What you have to do: The result should be the full listing copied exactly, with no pictures in it.

Information supplied:
····················

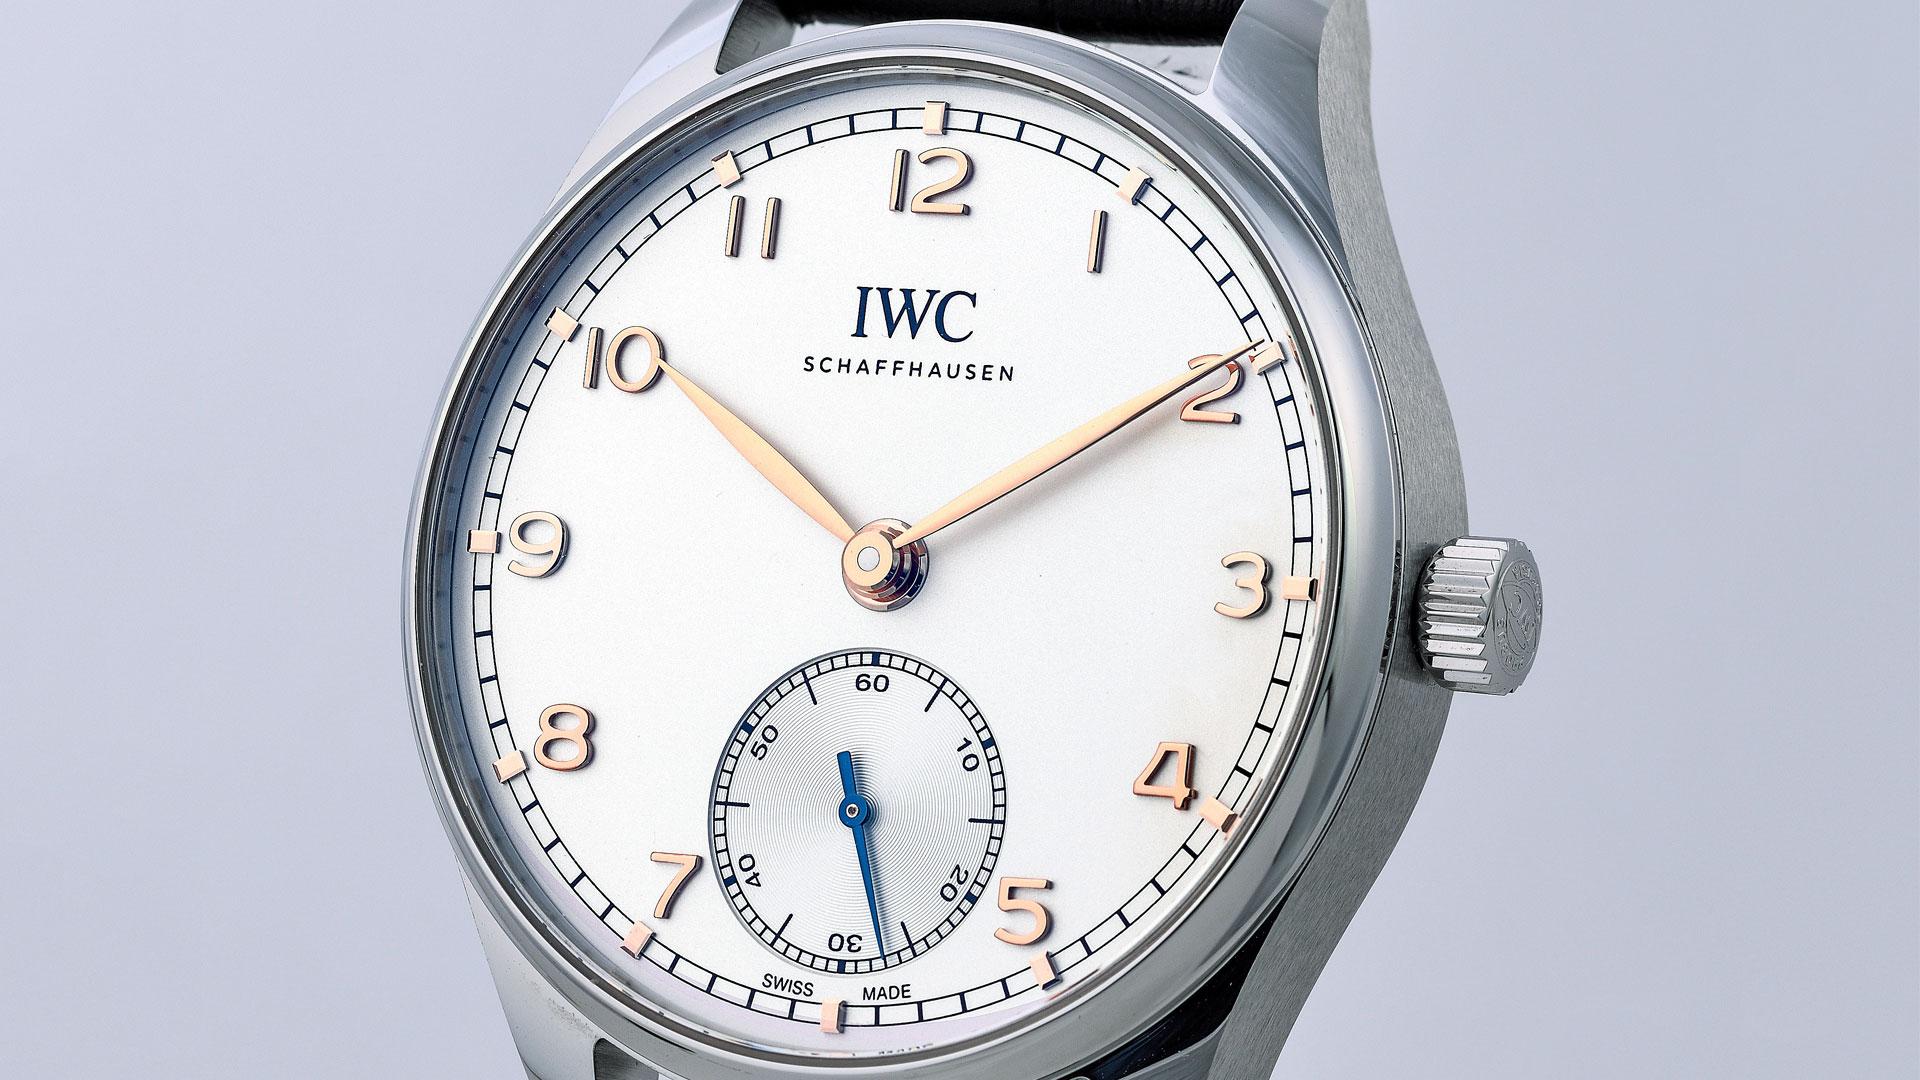 IWC-bella-figura
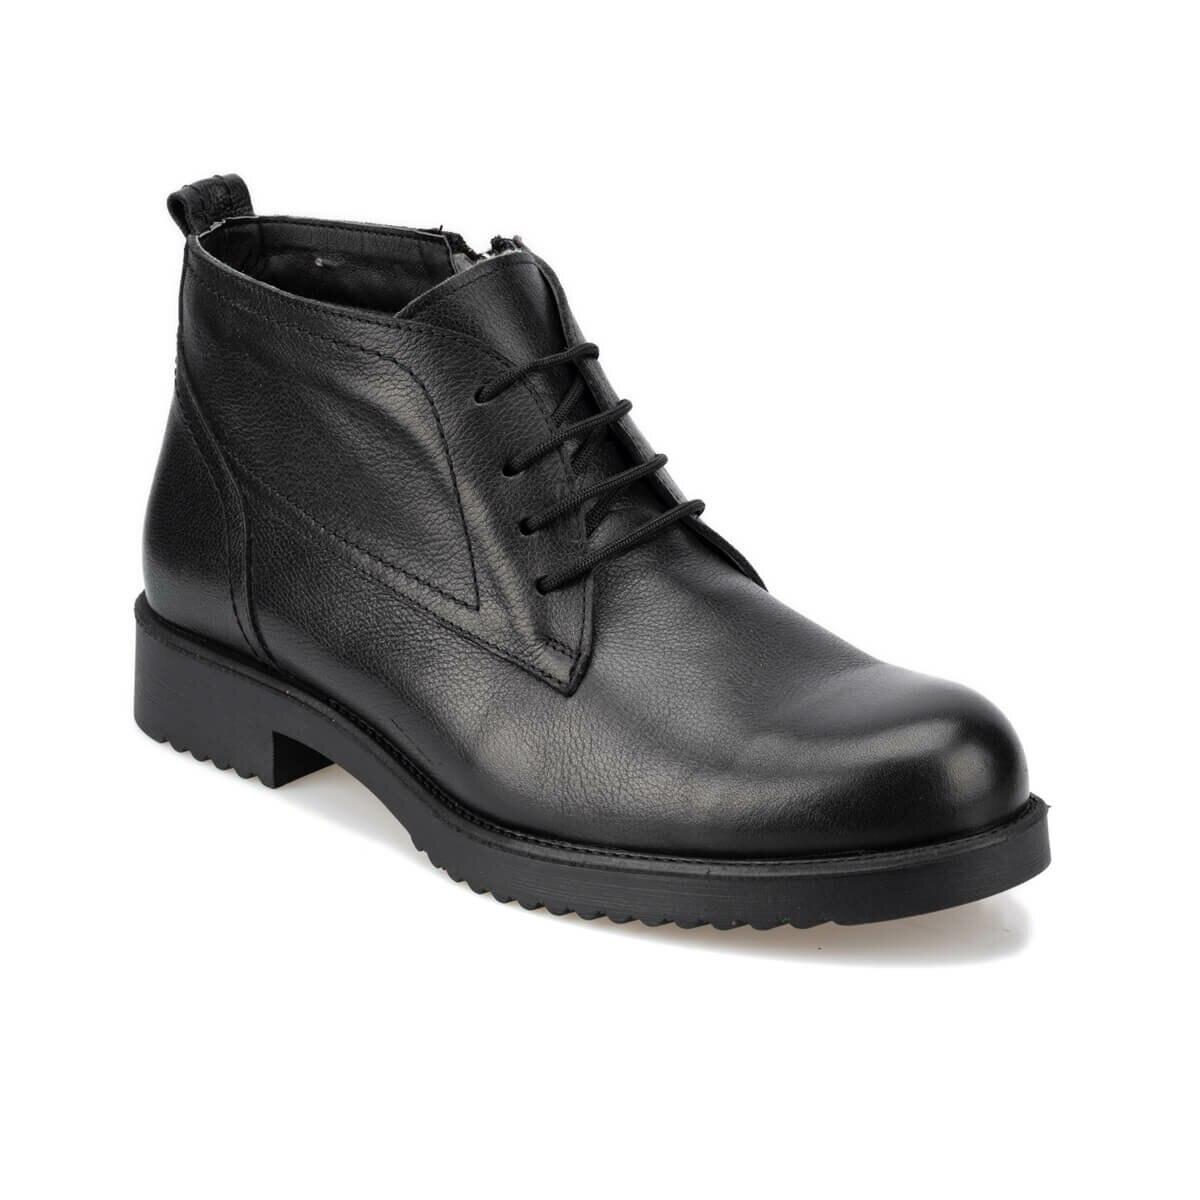 FLO 92.100934.M Black Men Boots Polaris 5 Point
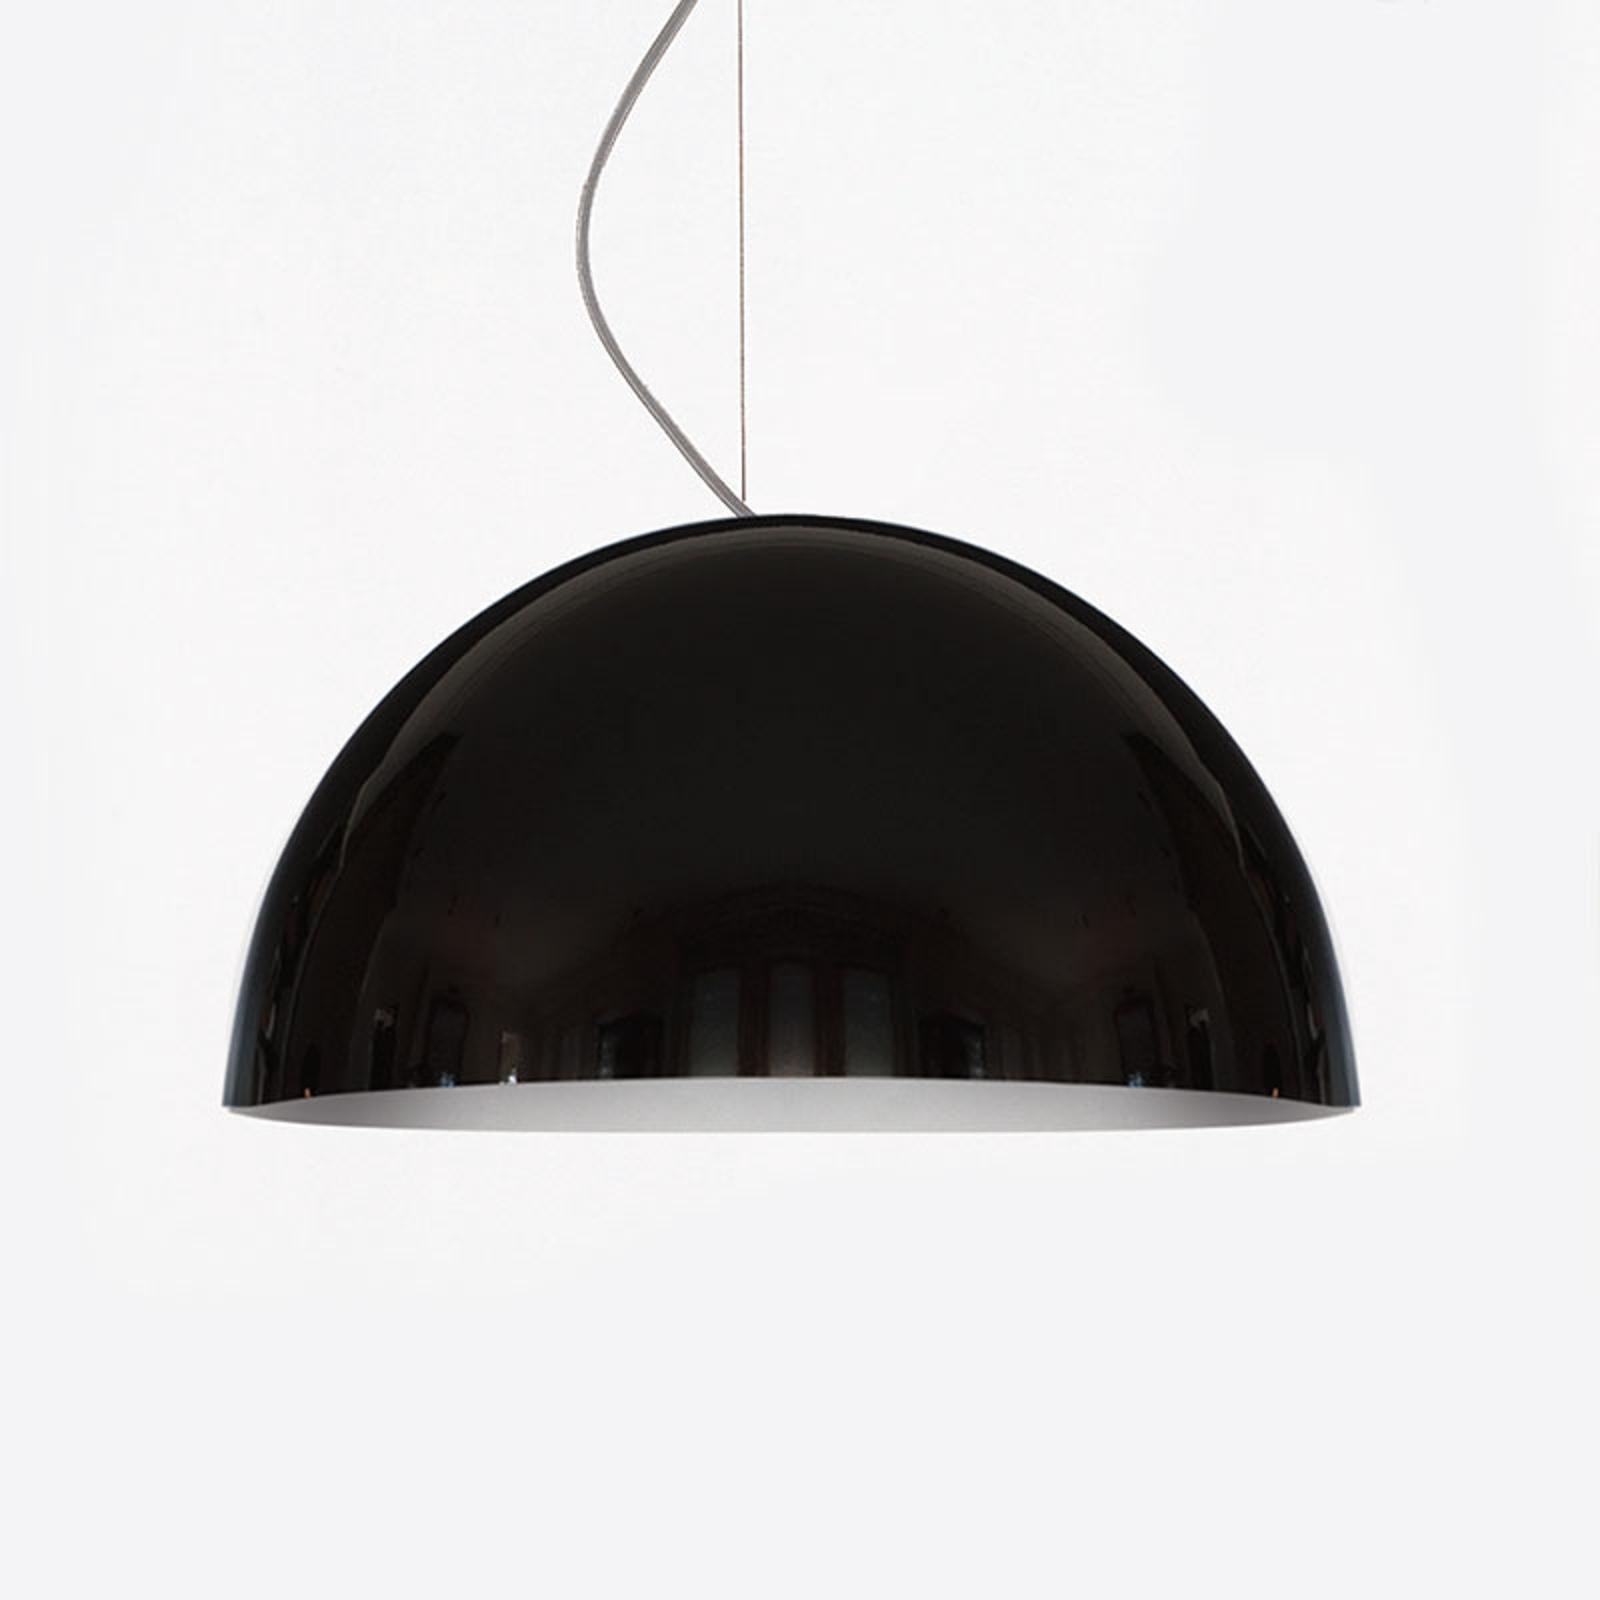 Oluce Sonora - svart hengelampe, 38 cm

····················

Task solution:
 IWC-bella-figura
 FLO 92.100934.M Black Men Boots Polaris 5 Point
 Oluce Sonora - svart hengelampe, 38 cm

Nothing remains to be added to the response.